Her son, Ben, and daughters, Kelly and Annabel, were with her when she died in Connecticut on Sunday. Yesterday, they released a statement mourning her loss. "Our beloved mother Lynn Rachel passed away peacefully after a seven-year journey with breast cancer," they said.

The news comes less than a month after the death of her older brother, Corin Redgrave, also an actor, who died of cancer on 6 April, and a year after her niece, the actress Natasha Richardson, died from head injuries sustained in a skiing accident.

Redgrave had spoken at her brother's funeral, recalling that he had taught her how to climb trees without telling her how to get back down again.

She was the third child of actors Sir Michael Redgrave and Rachel Kempson. Her older sister is Vanessa Redgrave.

The director Michael Winner, who cast Redgrave in one of her first films, said she had been "a joy".

"This is terrible news, I've known her for more than 50 years," he said. "She was a phenomenal actress, she could do comedy, tragedy – anything really – with absolute ease. Even then you could see she had a bubbly quality. She was a wonderful person and a brave woman involved in many causes."

Sir Michael Parkinson expressed his sadness at the news. "She was maybe the jolliest and most likeable of all the family," he said. "She was a lovely, funny, open character, she was very easy to get on with. She was a good actress, but being a Redgrave I suppose she couldn't help it – it's in their blood, in their marrow."

Known to be introspective, independent and modest, she spoke of her talented siblings in 1999, saying: "Vanessa was the one expected to be the great actress. It was always, 'Corin's the brain, Vanessa the shining star, oh, and then there's Lynn'."

In 1967, Redgrave married the actor and director John Clark. They divorced in 2000. Over the years, she had discussed her health problems associated with bulimia and breast cancer, the latter of which resulted in a mastectomy. She was first treated for the illness in 2003.

While she may not have had the profile of her elder siblings, she was an actress of high acclaim in her own right. She received Oscar nominations for Georgy Girl, which earned her popular acclaim, and for Gods and Monsters, as well as Tony nominations for the stage plays Mrs Warren's Profession, Shakespeare for My Father and The Constant Wife. In 1991, she starred with her sister in a stage performance of Chekhov's Three Sisters, at the Queen's Theatre.

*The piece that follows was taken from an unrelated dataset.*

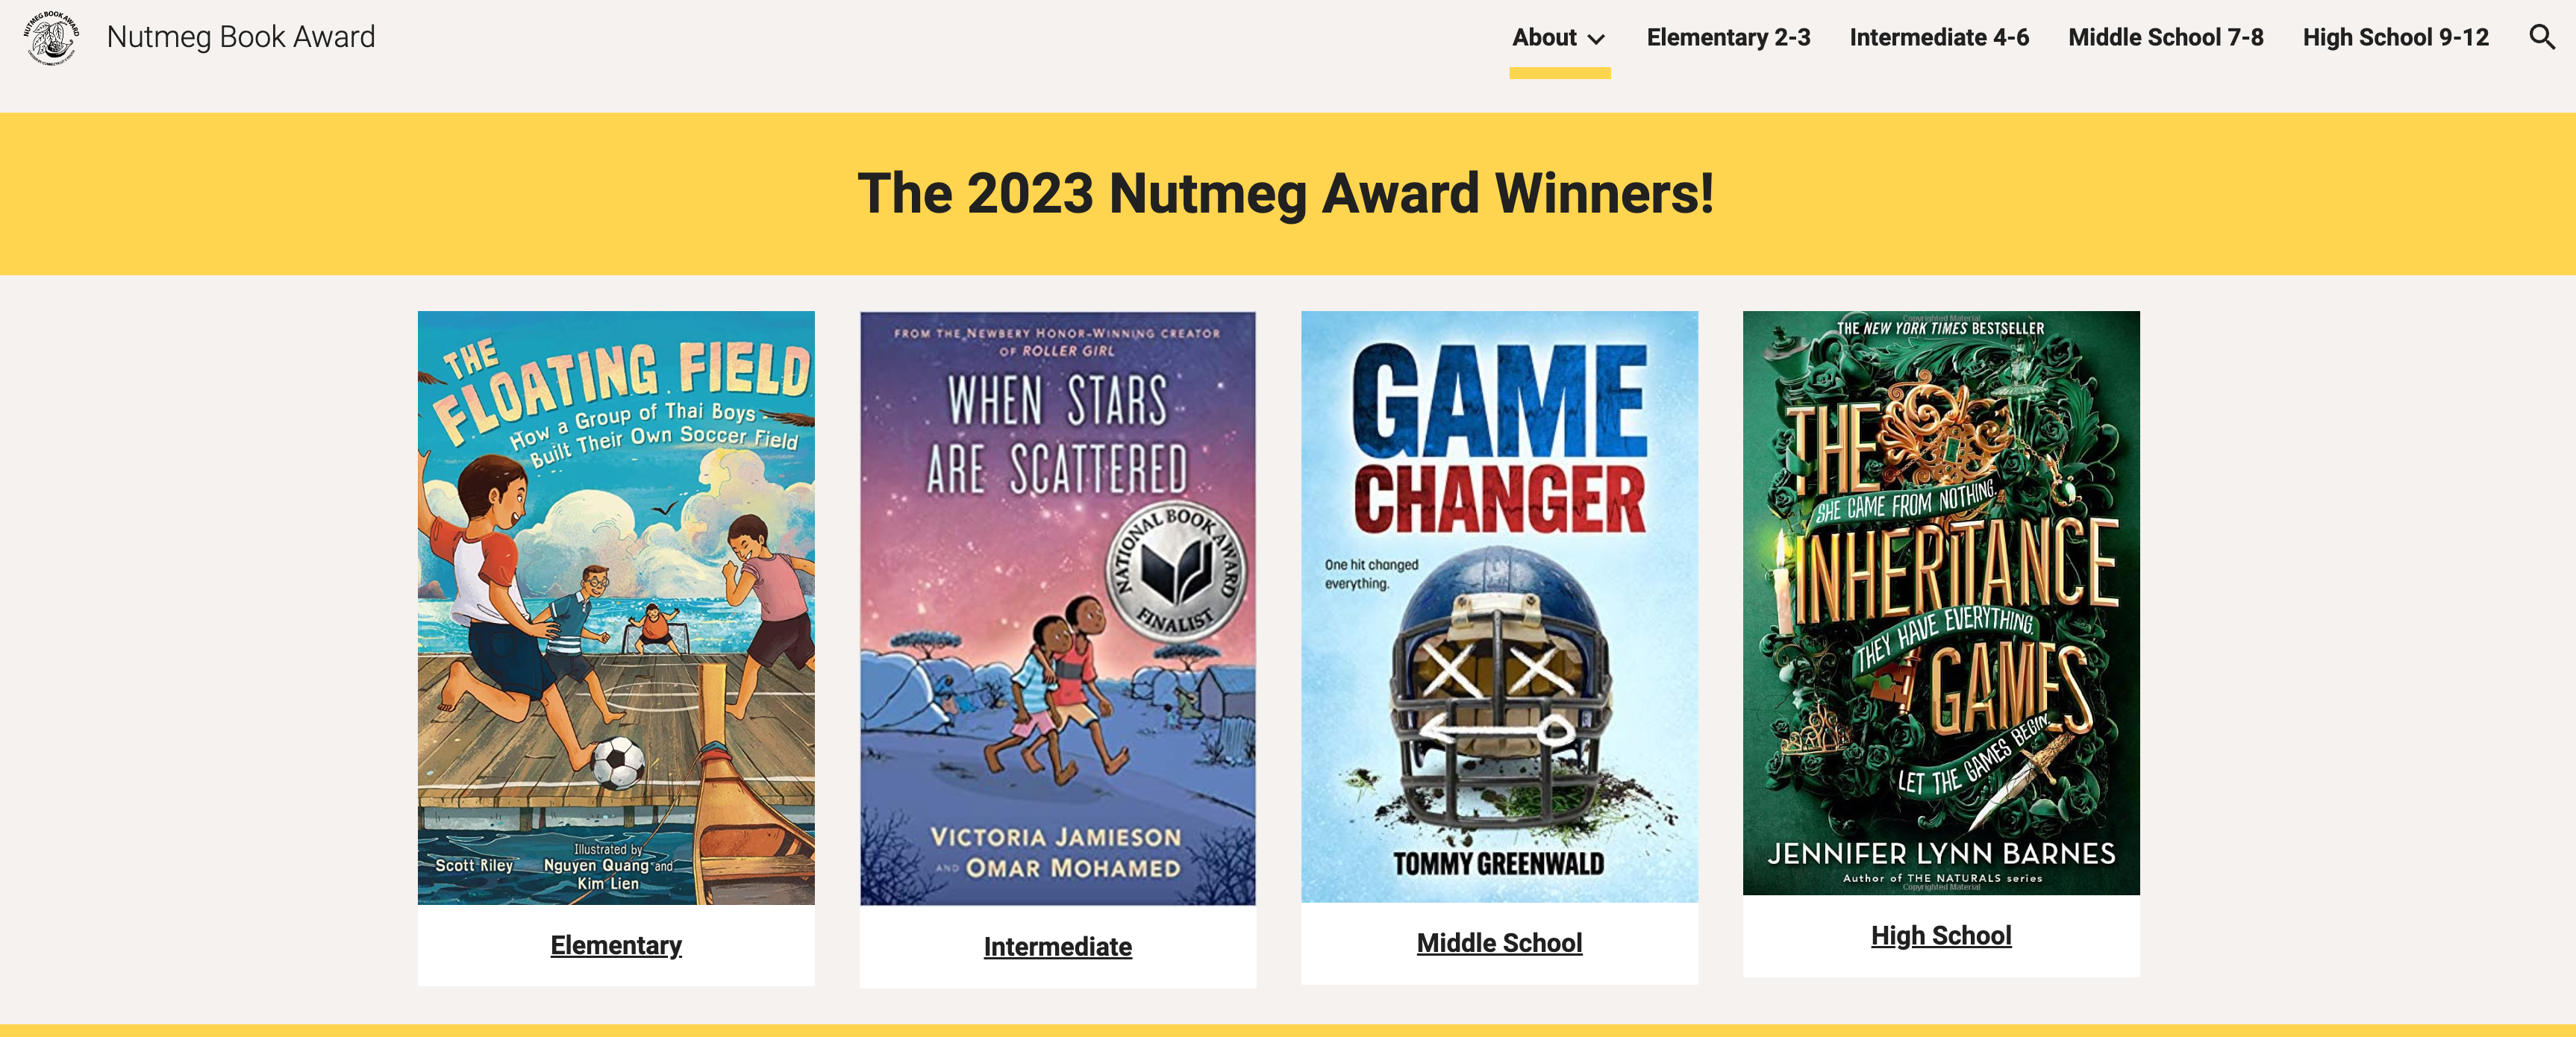 2021 Nutmeg Book Awards and 2022-2023 Nominees

Redgrave was awarded an OBE for her services to drama in 2002.

It was Georgy Girl that made her a household name in 1966, with her starring character – a free-spirited 22-year-old working-class woman – encapsulating the spirit of the age. Based on a novel by Margaret Forster, it also starred Alan Bates, James Mason and Charlotte Rampling.

Having trained as an actress in London, at the Central School of Speech and Drama, she made her theatrical debut in 1962 at the Royal Court Theatre, where she performed in A Midsummer Night's Dream.

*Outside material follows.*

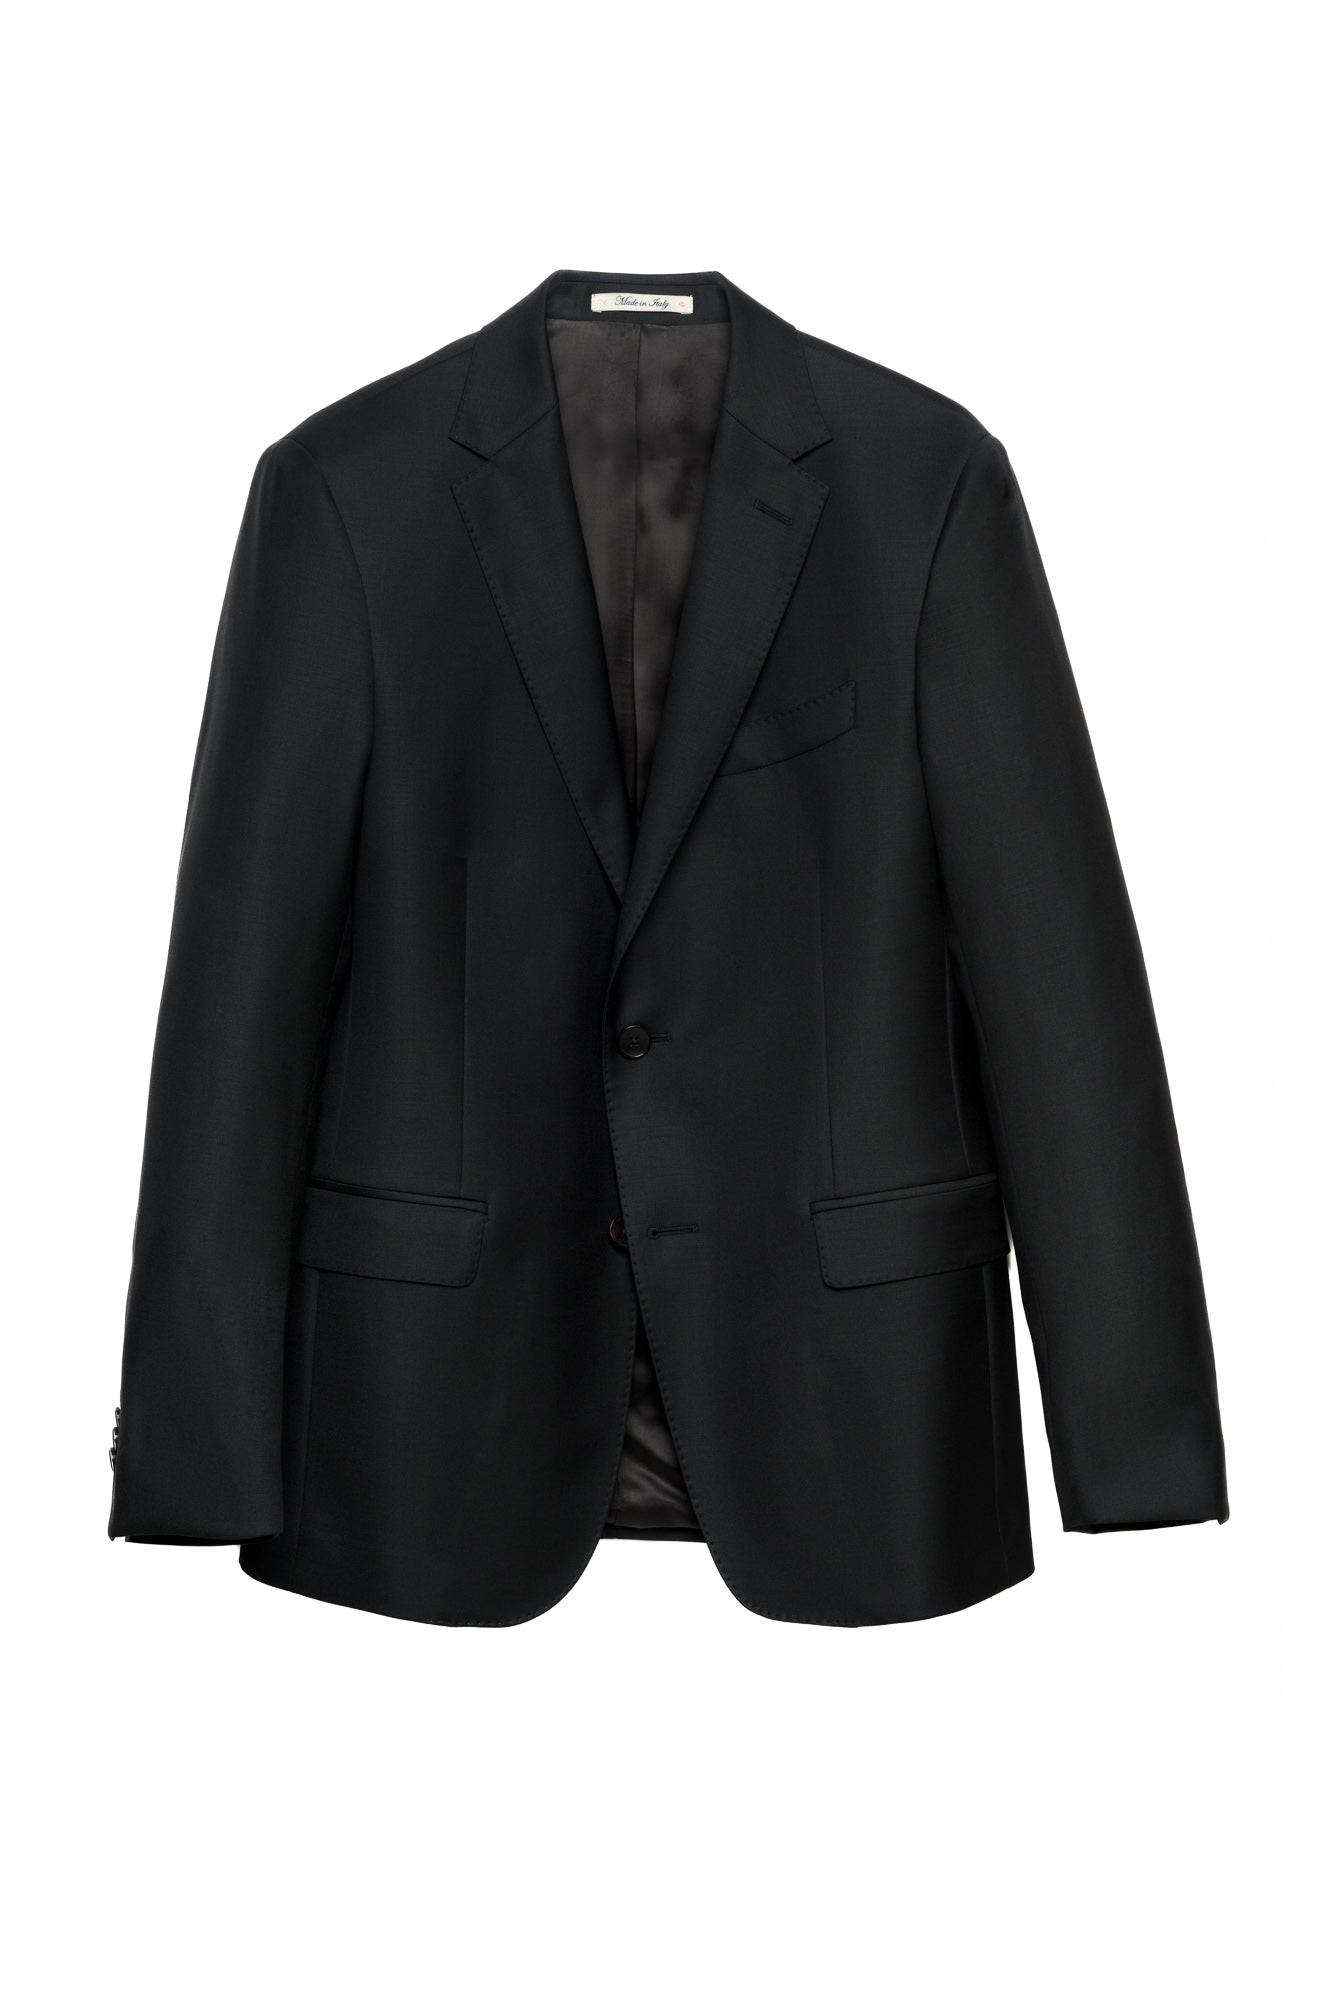 Black Suit Made in Wool from the Vitale Barberis Canonico Woollen Mill.

She was invited to join the National Theatre for its inaugural season at the Old Vic in the early 1960s, working with such acclaimed directors as Laurence Olivier, Franco Zeffirelli and Noel Coward.

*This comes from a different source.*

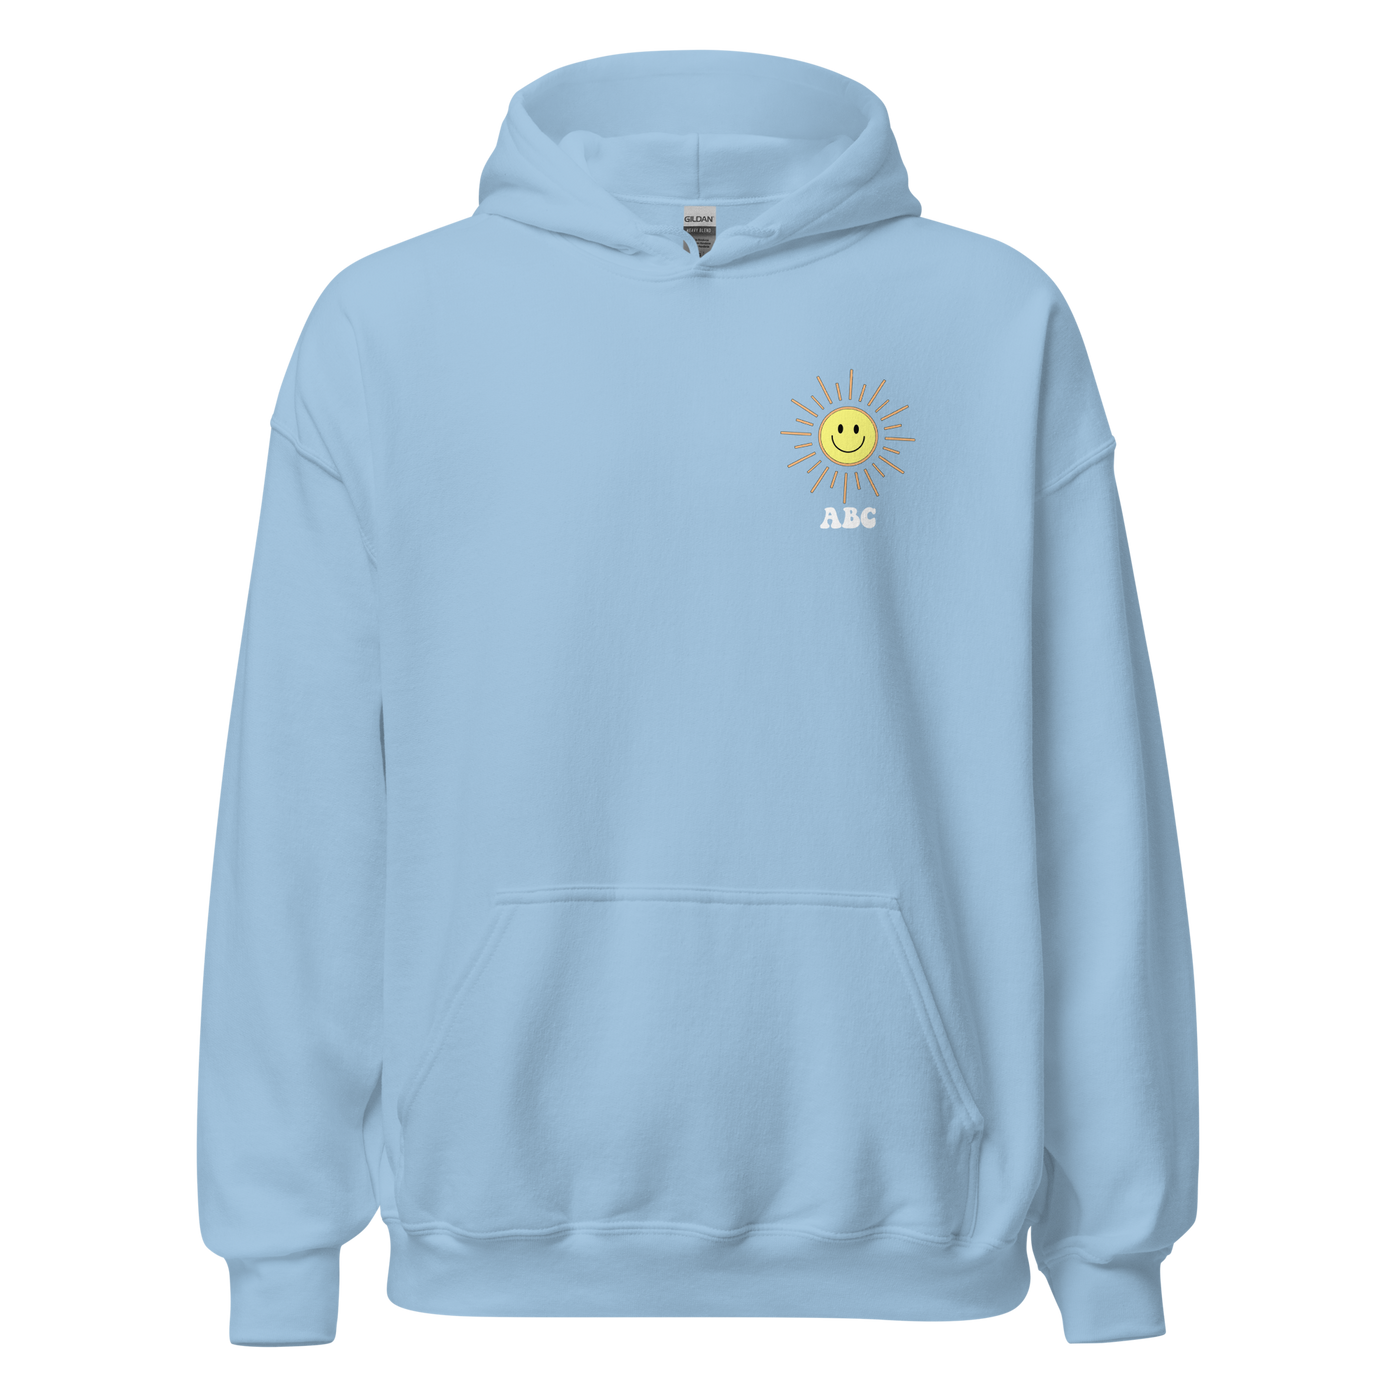 Make It Yours™ 'Here Comes The Sun' Front & Back Hoodie

As well as her stage career, she appeared in numerous films and television shows, including one-off appearances in Desperate Housewives and Ugly Betty, and most recently, the romantic drama The Jane Austen Book Club, in 2007.

Redgrave made a return to films in the late 1990s in movies such as Shine, in 1996, based on the life of the pianist David Helfgott, and Gods and Monsters in 1998, a film that dramatised the last days of the life of the troubled homosexual film director James Whale, which starred Ian McKellen.